Spotting Latency Regressions Ahead of Time at Teams Mobile
Article Summary
Microsoft Teams Mobile merges 50+ commits daily from 350+ developers. How do they catch performance regressions before users feel the pain?
The Teams Mobile team built "Bouncer," an automated performance testing system that detects latency regressions as small as 15% on a commit-by-commit basis. This deep dive from Microsoft engineer Saumye Srivastava reveals the technical architecture behind catching slowdowns before they ship.
Key Takeaways
- Runs before/after performance tests on every mainline commit using physical Pixel 4A devices
- Achieved stable results by rooting devices, locking CPU frequencies, and mocking API responses locally
- Reduced false positives dramatically: performance tests now mostly green, red means real regression
- Uses coefficient of variation under 0.15 to ensure test stability across iterations
- Executes 100k+ test runs per quarter with median comparison across 9 iterations
Teams Mobile now catches performance regressions within hours of code merge instead of during production rollout, letting engineers focus on speed improvements rather than firefighting.
About This Article
Teams Mobile's Android codebase gets 50+ commits daily from 350+ developers. When latency regressions show up in production dashboards, it's hard to figure out which code change caused them. This often delays releases and fixes.

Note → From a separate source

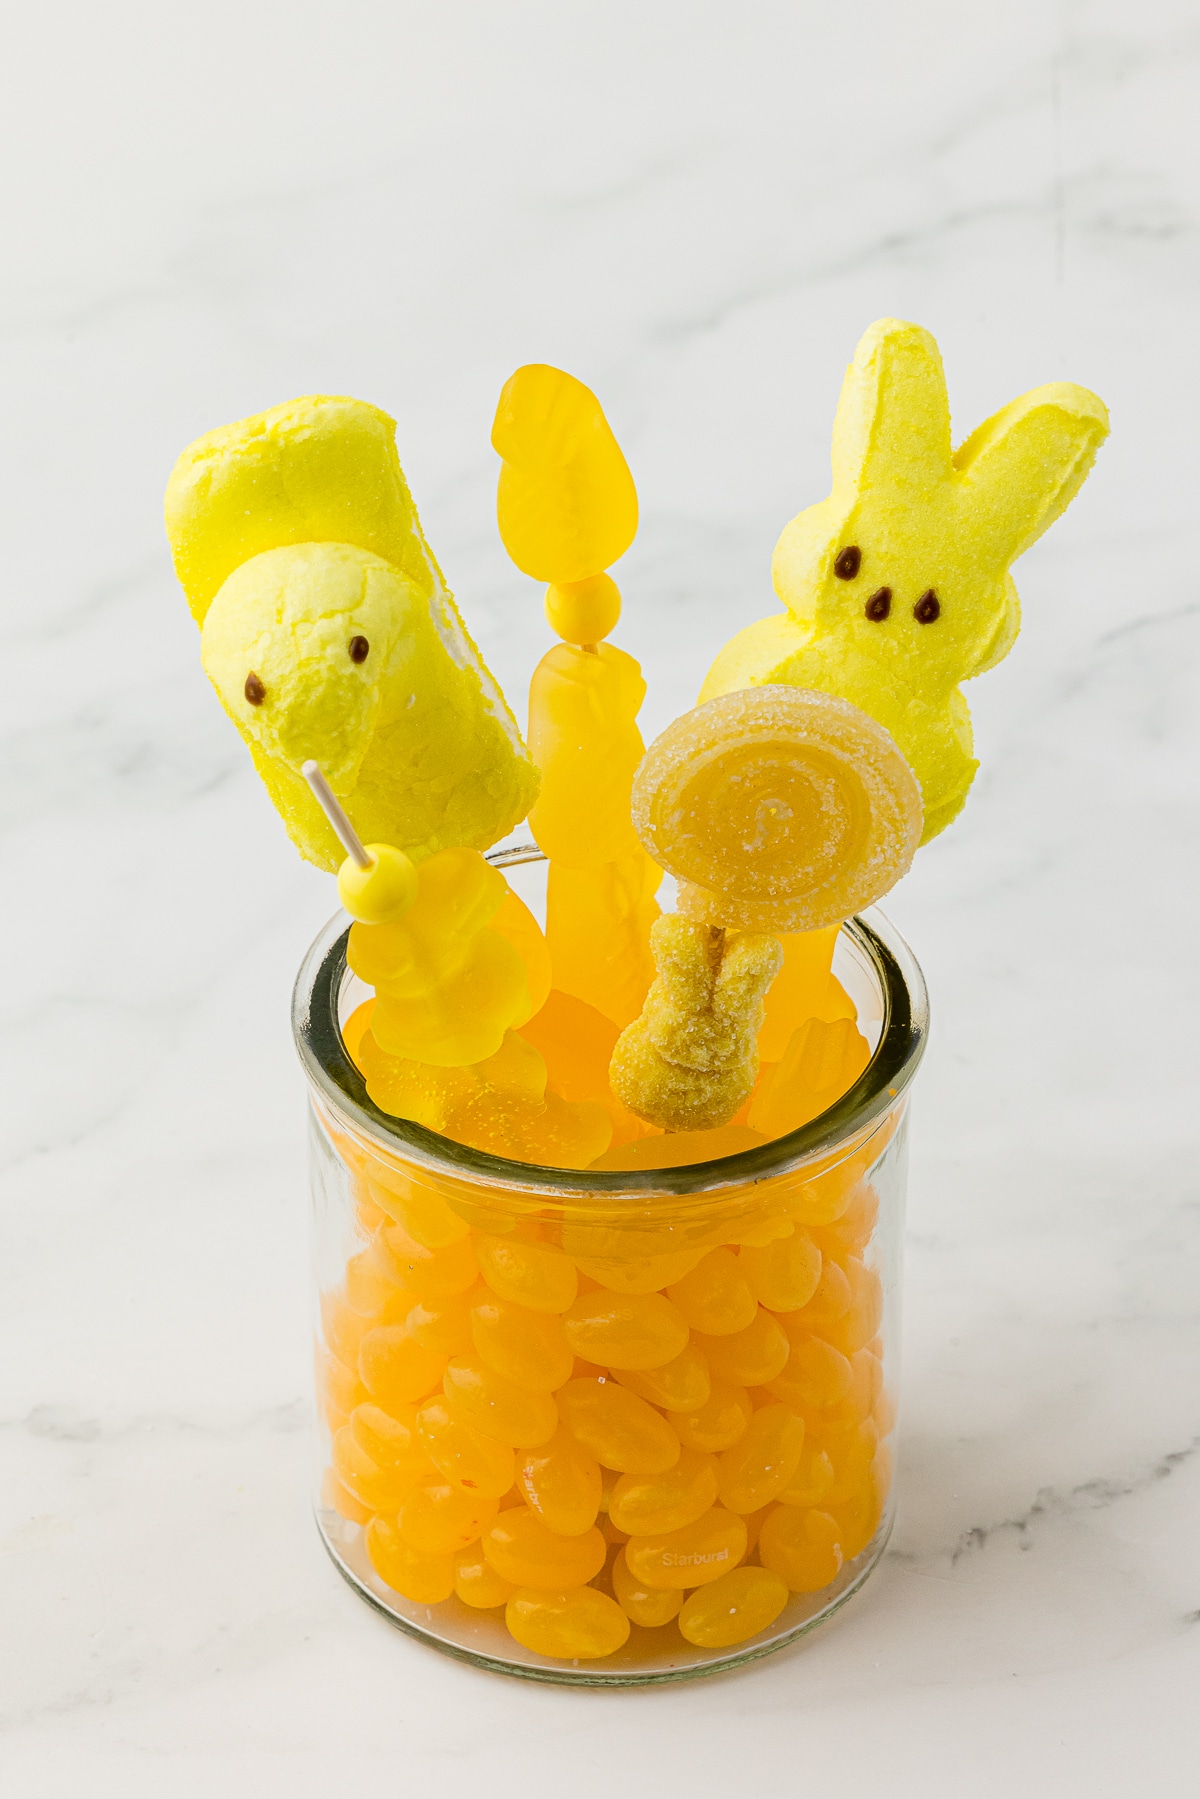 Yellow jelly beans in a small jar with yellow candy kabobs made with yellow gummy candy bought at Five Below on a white countertop.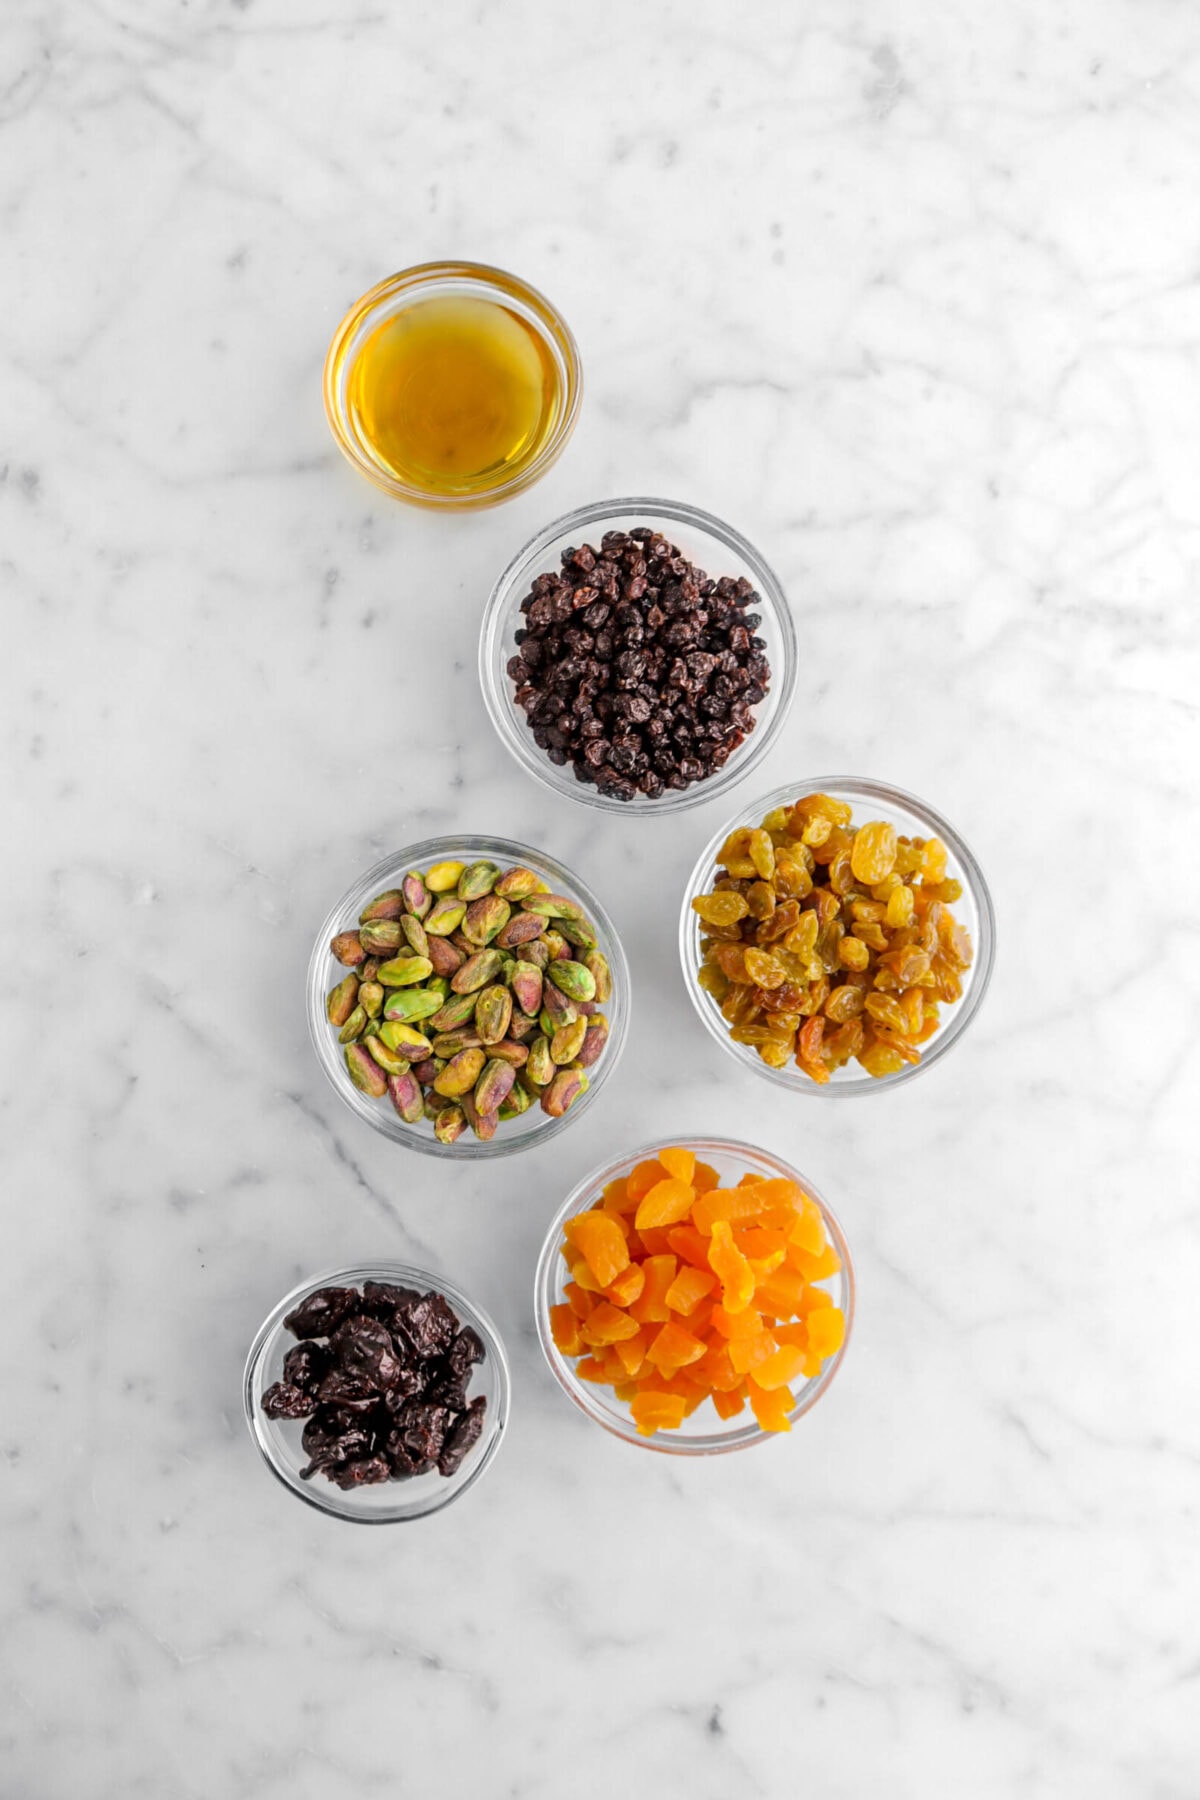 rum, dried currants, golden raisins, pistachios, dried cherries, and dried apricots on marble surface.

Saumye Srivastava's team built Bouncer to run instrumentation tests before and after each mainline commit. They use Microsoft Hydralab on physical Pixel 4A devices, comparing median latency across 9 iterations. The tool flags regressions when they exceed 10-15%.
False positives dropped significantly. Performance tests went from consistently failing to mostly passing. When a red flag does appear, engineers can trust it's a real regression, so they don't have to manually adjust thresholds after every alert.